> Data block:
_ _ _ _ _
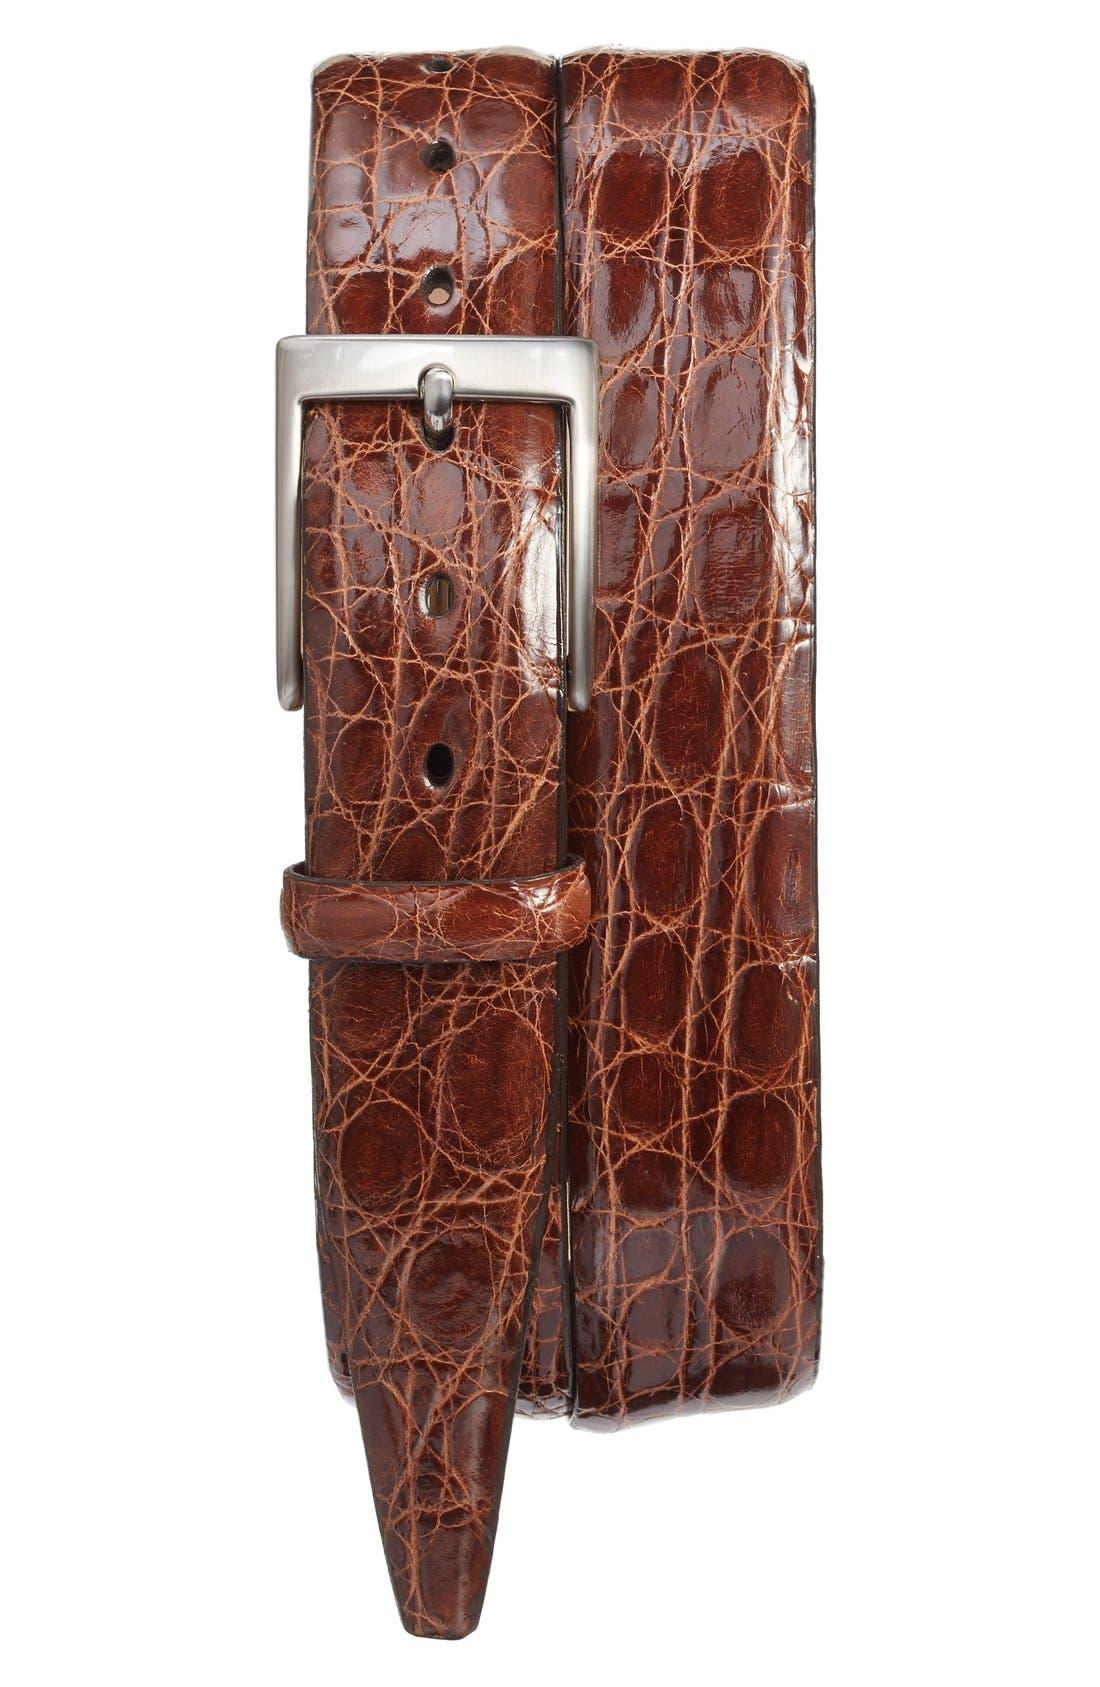 Caiman Alligator Leather Belt,                         Main,                         color, Cognac Brown
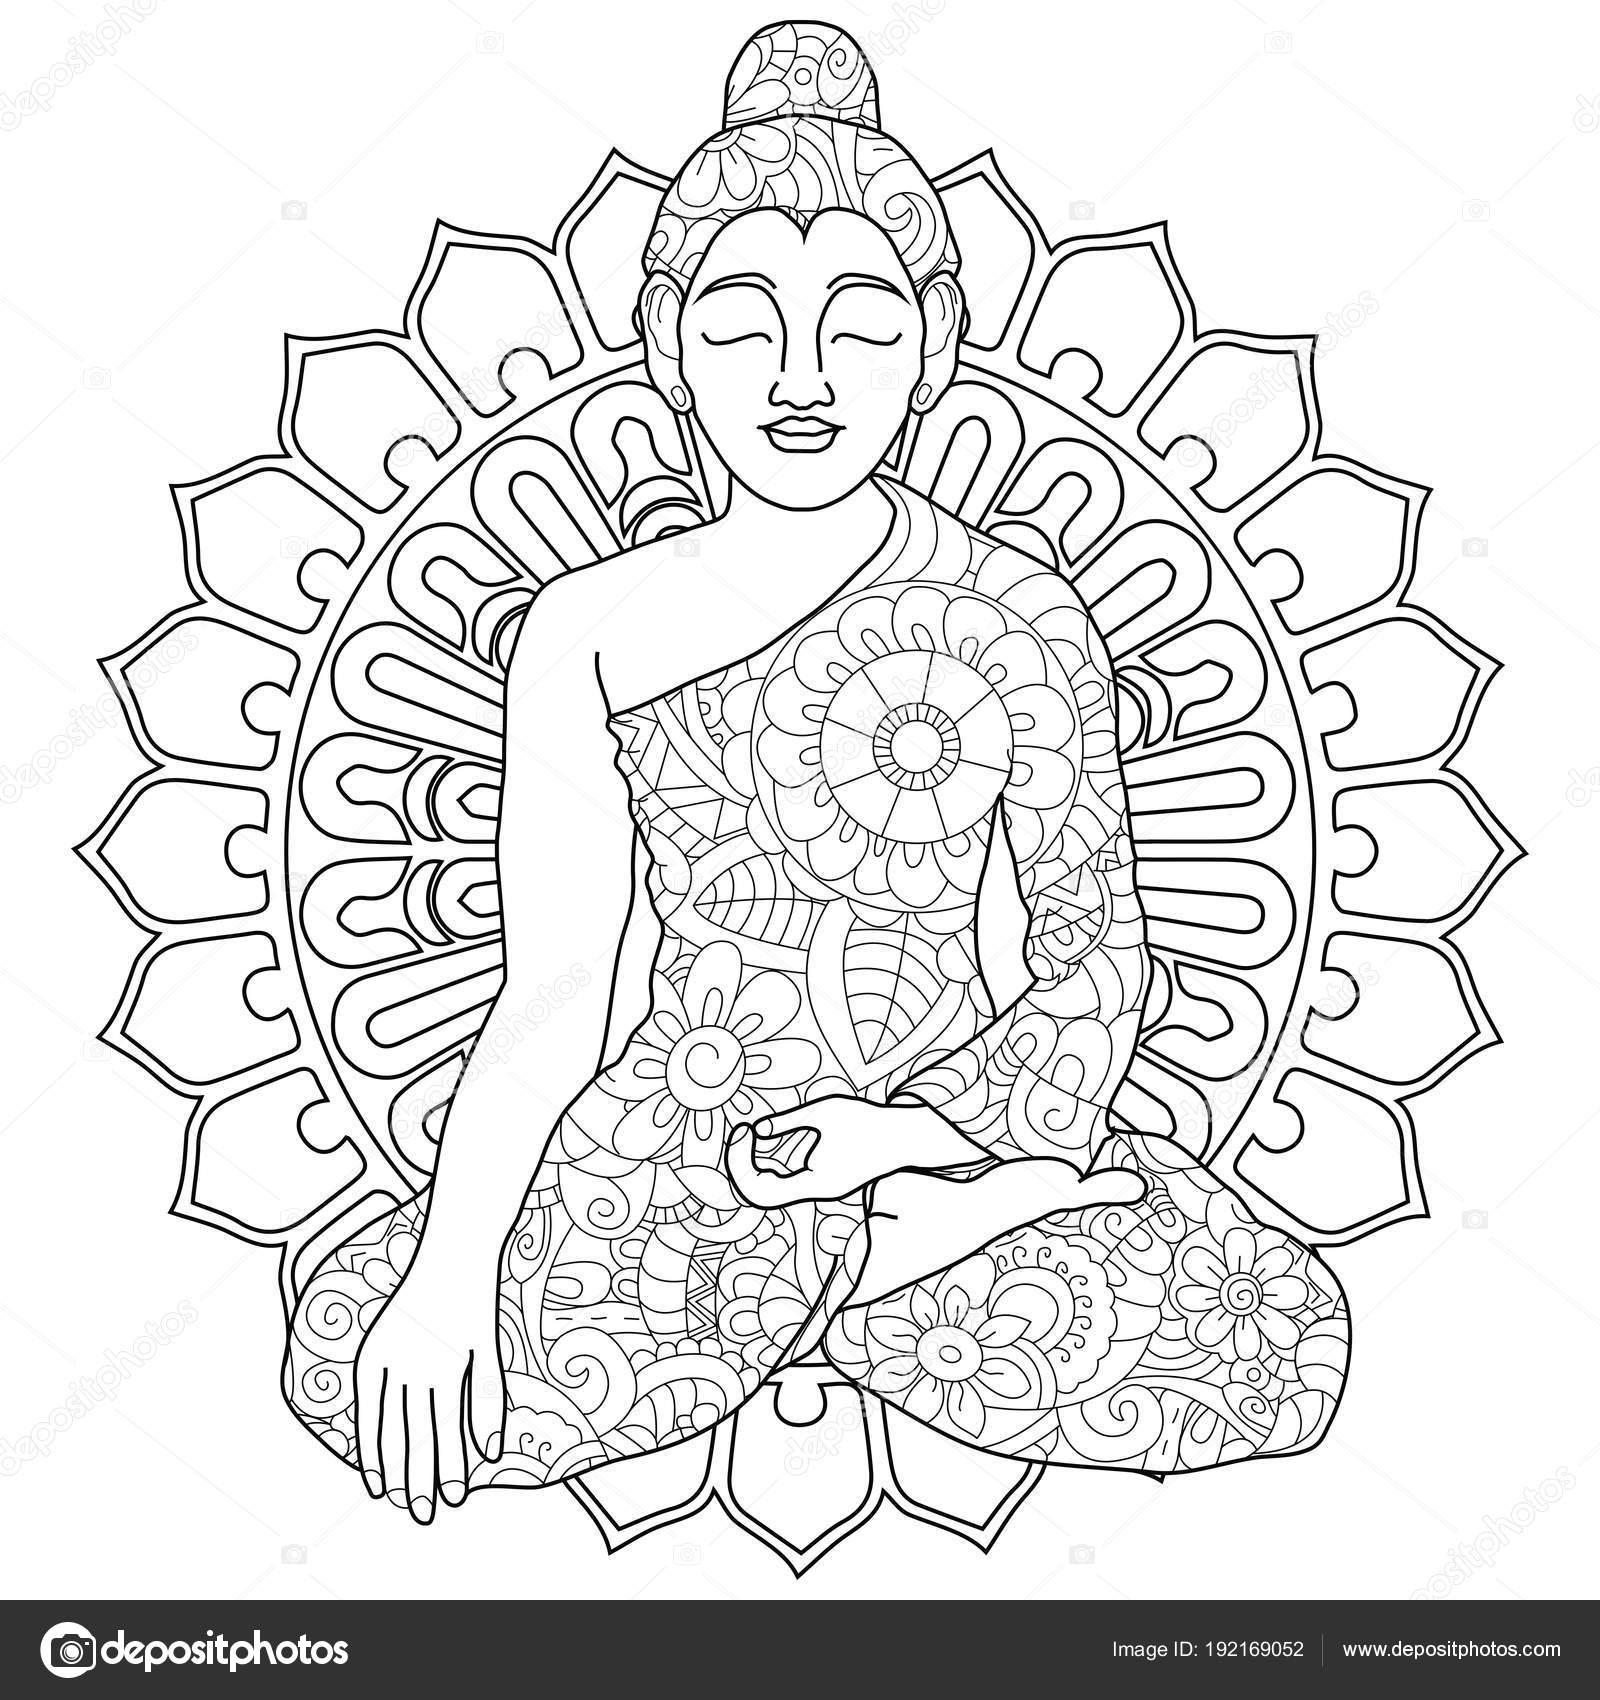 Adult Antistress Coloring Manadala Woman Doing Yoga Pattern Astrakhan Illustration Of Black Lines
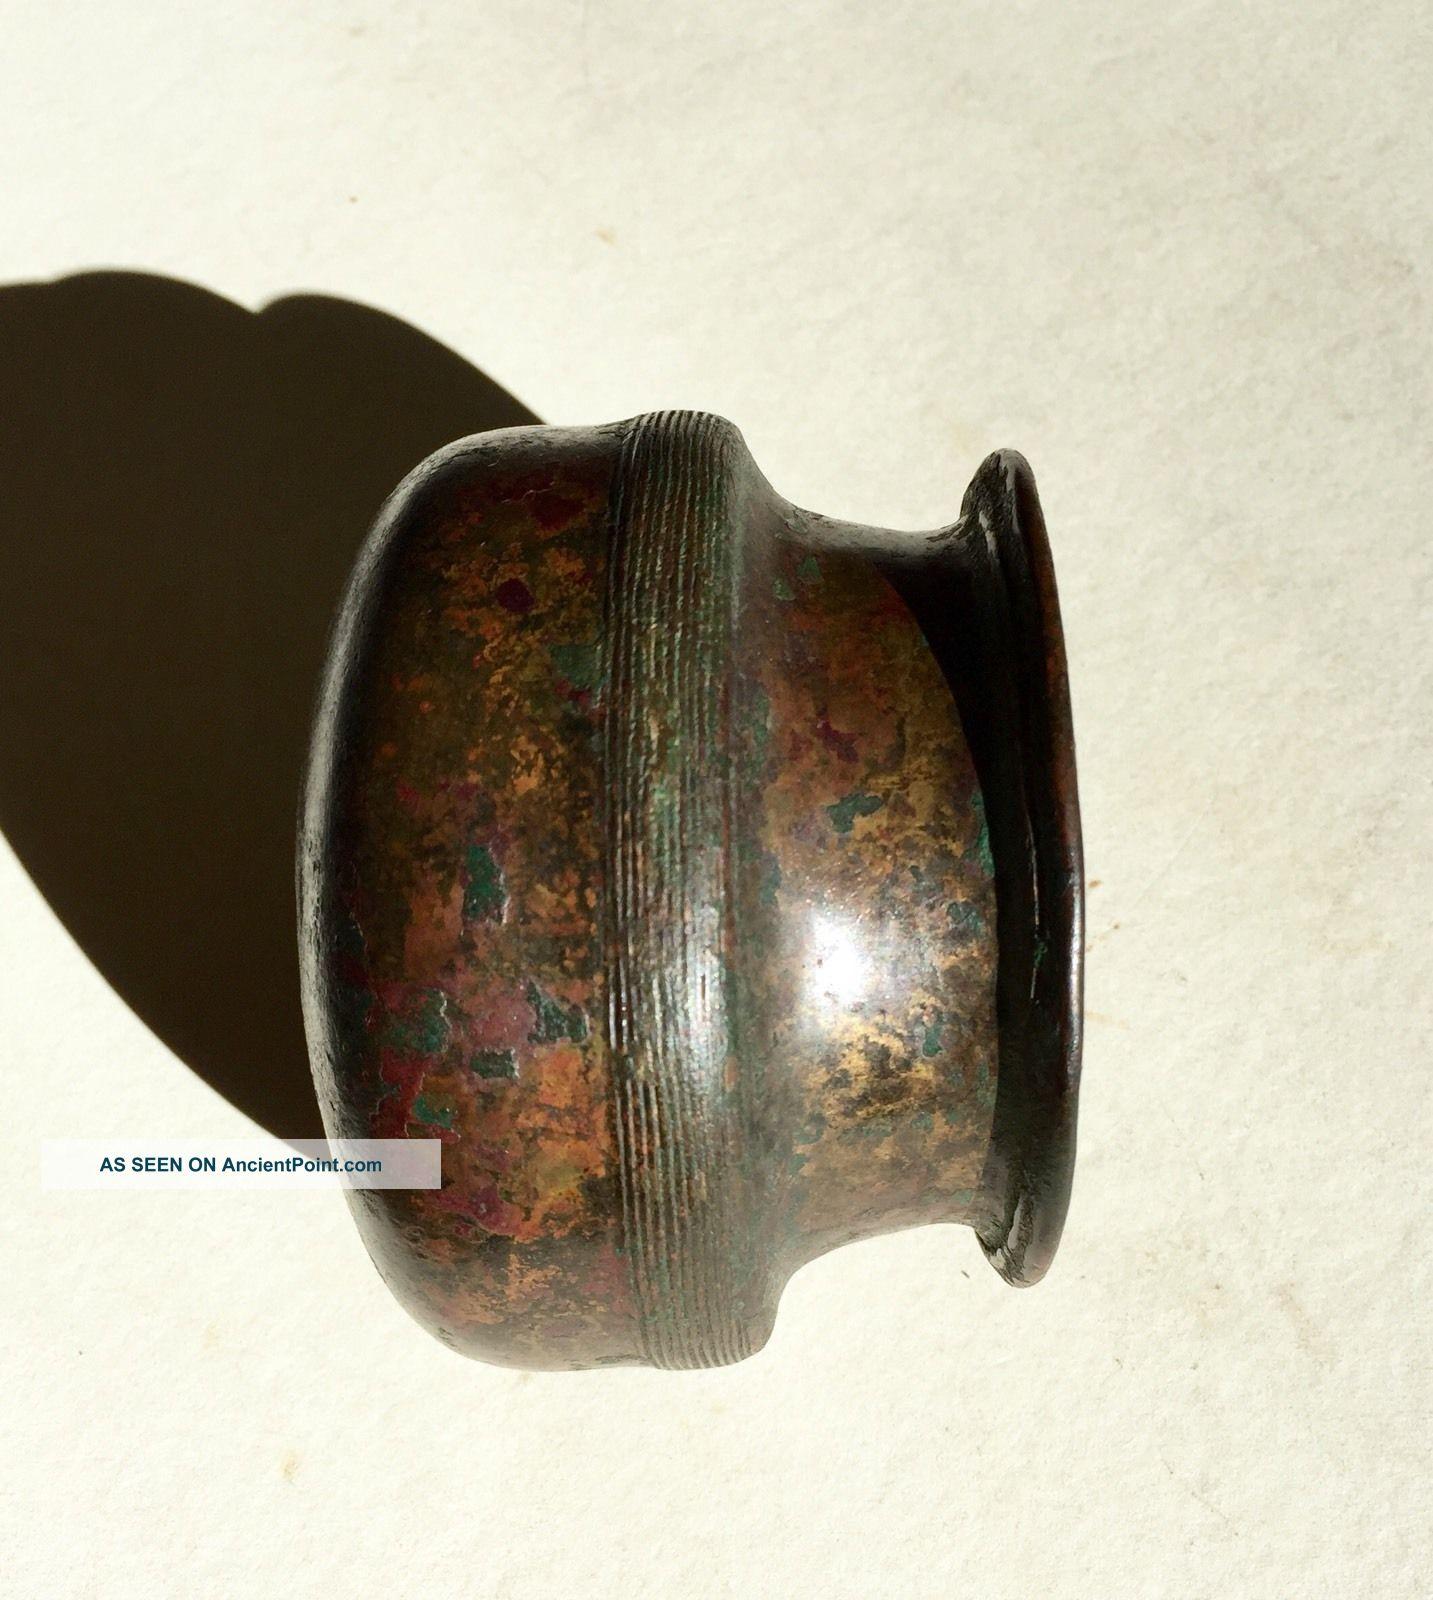 Ancient Persian Achaemenid Bronze Vessel C6th - 4th Century Bce Near Eastern photo
_ _ _ _ _
Beginning at the line that contains "Adult Antistress Coloring", retype each line of the data above through the very last one. Do not retype the pictures.

 Adult Antistress Coloring Manadala Woman Doing Yoga Pattern Astrakhan Illustration Of Black Lines
 Ancient Persian Achaemenid Bronze Vessel C6th - 4th Century Bce Near Eastern photo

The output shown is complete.